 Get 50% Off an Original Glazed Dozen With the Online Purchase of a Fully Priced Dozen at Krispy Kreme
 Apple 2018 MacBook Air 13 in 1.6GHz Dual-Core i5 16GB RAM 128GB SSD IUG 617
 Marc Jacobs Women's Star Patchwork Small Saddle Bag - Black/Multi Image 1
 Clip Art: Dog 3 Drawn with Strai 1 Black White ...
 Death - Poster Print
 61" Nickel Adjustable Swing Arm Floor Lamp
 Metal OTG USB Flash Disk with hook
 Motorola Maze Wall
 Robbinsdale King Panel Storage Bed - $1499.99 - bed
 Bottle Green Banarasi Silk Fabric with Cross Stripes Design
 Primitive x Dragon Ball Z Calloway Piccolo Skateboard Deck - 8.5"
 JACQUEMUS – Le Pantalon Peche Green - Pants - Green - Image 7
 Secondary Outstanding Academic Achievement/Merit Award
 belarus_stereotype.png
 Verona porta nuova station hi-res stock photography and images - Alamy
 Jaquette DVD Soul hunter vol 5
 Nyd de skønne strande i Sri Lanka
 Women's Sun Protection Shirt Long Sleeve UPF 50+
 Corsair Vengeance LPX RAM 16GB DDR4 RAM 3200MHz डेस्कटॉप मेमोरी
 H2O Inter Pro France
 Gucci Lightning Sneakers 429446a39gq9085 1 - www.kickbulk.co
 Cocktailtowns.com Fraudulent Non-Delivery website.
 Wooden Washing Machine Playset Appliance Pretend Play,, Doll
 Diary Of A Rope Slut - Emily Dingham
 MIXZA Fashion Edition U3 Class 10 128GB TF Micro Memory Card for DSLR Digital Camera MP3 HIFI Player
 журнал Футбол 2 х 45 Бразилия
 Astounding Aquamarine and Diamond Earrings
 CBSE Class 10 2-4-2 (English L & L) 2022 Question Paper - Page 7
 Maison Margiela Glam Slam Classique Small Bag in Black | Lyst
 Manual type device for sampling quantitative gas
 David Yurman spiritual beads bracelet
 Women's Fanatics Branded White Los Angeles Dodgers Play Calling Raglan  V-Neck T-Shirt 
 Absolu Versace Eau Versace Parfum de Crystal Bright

### TASK PROMPT
Which lines of the data hold the string "Green"? Return each of them.

### COMPLETED EXERCISE
 Bottle Green Banarasi Silk Fabric with Cross Stripes Design
 JACQUEMUS – Le Pantalon Peche Green - Pants - Green - Image 7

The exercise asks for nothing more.